The oil market sentiment continues to be tempered by concerns over Chinese demand, even as OPEC+ decisions to maintain supply cuts have led to a 1.4 million barrels per day contraction in global output. Ongoing production restrictions by OPEC and sanctions affecting Russian exports have kept supplies tight. Additionally, China’s reduced oil importation, which saw a 5.7% decline to 10.8 million barrels per day in the early months of the year from 11.4 million barrels per day in December, has compounded worries about demand.


  • War escalation in Ukraine or the Middle East: These conflicts hold significant implications for Europe. Specifically, if Russian forces were to advance across the Belarussian border, 150 kilometers north of Kyiv, this could precipitate a rapid devaluation of EURUSD, potentially driving it towards the 0.90 threshold. Furthermore, statements made by former US President Donald Trump concerning a potential withdrawal from NATO commitments have notably undermined the confidence of US allies.
  • US-China tensions: US-China friction remains strong, with increasing tension around Taiwan and the South China Sea.
  • Recession: So far, the US has escaped recession although growth has been tepid, while in Europe anticipated growth is close to zero. By contrast, Asia is experiencing stronger, sustainable growth, fueled by China’s slowing, yet substantial growth (close to 5% in 2023).


  • Income from safe cash deposits: Cash can be safely placed in cash deposits and earn annualized net interest, e.g. over a period of 6 months: 5.25% in USD, 4.00% in EUR, 5.00% in GBP, 4.00% in AUD.
  • Income from Investment Grade bank bond Issuers: Major banks are implicitly protected by central banks as demonstrated in the Credit Suisse crisis where actual bonds (not AT1) remained secured. Investors can benefit from the substantial yield of a diversified bank bond portfolio of 3 to 10-year duration: close to 6% in USD, 4.5% in EUR, 5.5% in GBP.
  • All-time high, compelling “risk premium” for Chinese stocks: We believe that Chinese stocks’ historically low prices are an opportunity for long-term investors looking for asset growth, substantial income, and de-correlation with Western markets. Given attractive equity valuations and earnings upgrade expectations, we believe mainland Chinese and Hong Kong equity valuations are likely to increase significantly within the next 12 months.
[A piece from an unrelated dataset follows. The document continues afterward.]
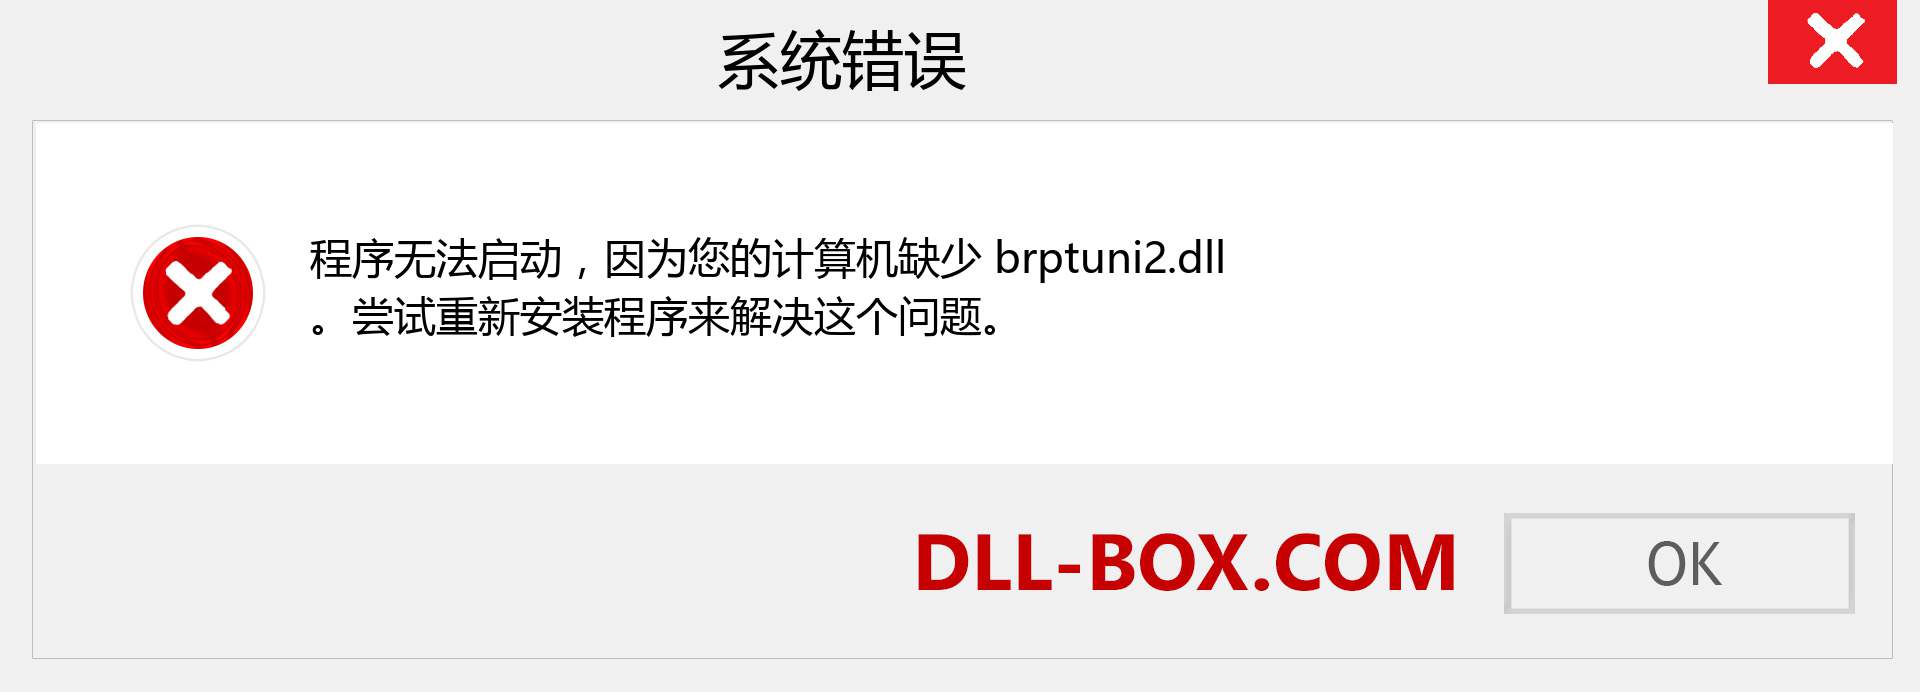 brptuni2.dll 文件丢失？。 适用于 Windows 7、8、10 的下载 - 修复 Windows、照片、图像上的 brptuni2 dll 丢失错误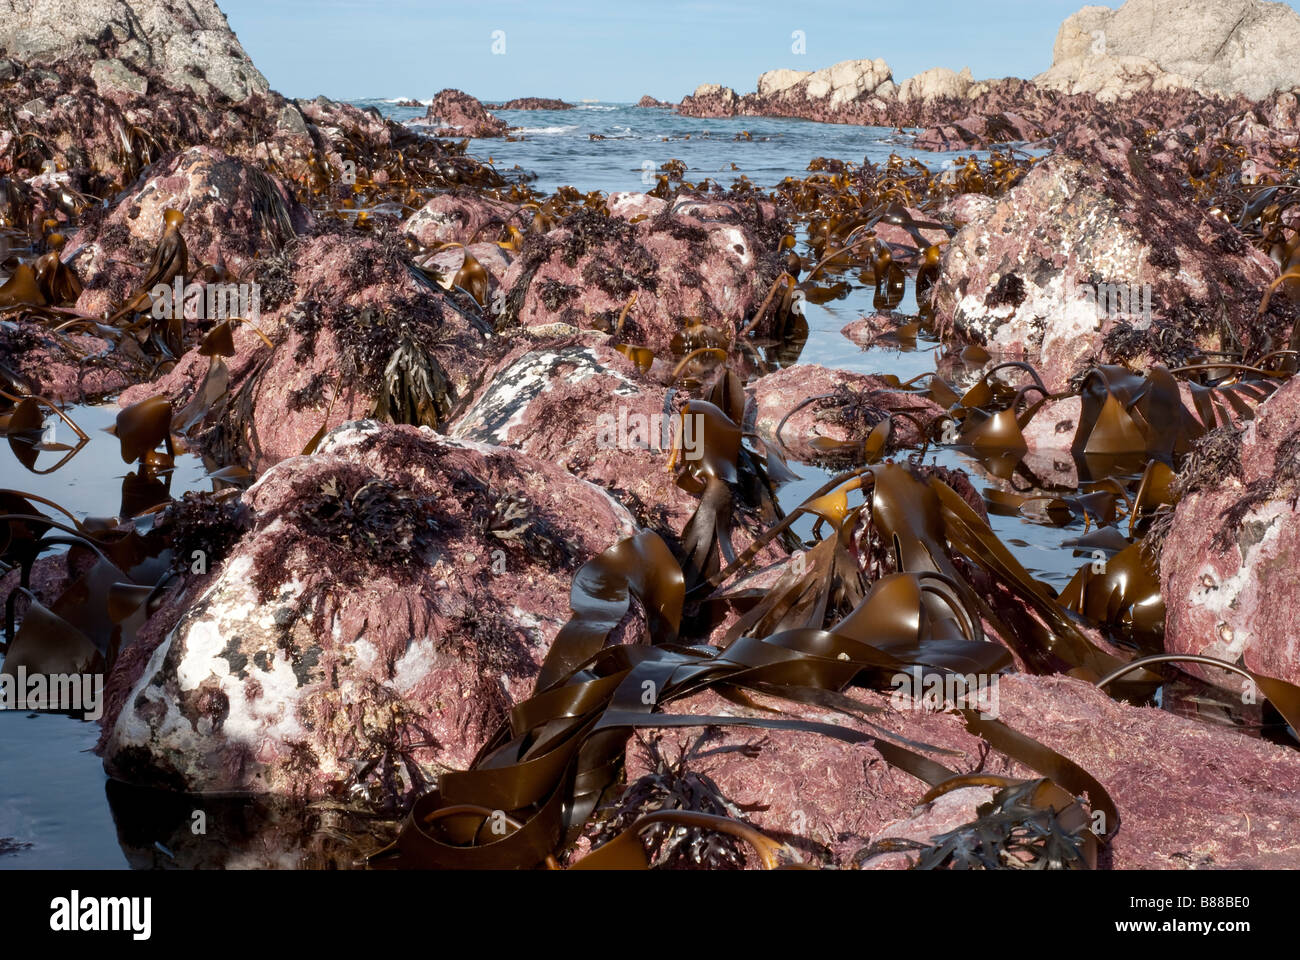 La sub zona litoral de orilla rocosa expuesta en un muelle de baja marea, mostrando un número de algas kelp incluida. Foto de stock

  • Japanese yen: The JPY is extremely undervalued, with USDJPY close to its all-time high of 152. The anticipated change in BoJ’s monetary policy in 2024 could trigger a rapid yen re-appreciation of 20%.
  • Nuclear energy: We believe the nuclear sector will be instrumental in the world’s decarbonization efforts. To achieve fossil fuel reduction targets, the nuclear power industry’s safety standards need to be brought to the next level, for instance by using new technology to recycle uranium. New “green” nuclear energy is the number one priority of President Macron in France, while being high on the agenda in the US and China, which will build 150 nuclear power plants in the next 15 years.
  • Defense and security: The wars in Ukraine and Palestine have triggered massive investment in military defense and the overall security sector – including cyber, food, energy, and semiconductor supply security – in Europe and around the world.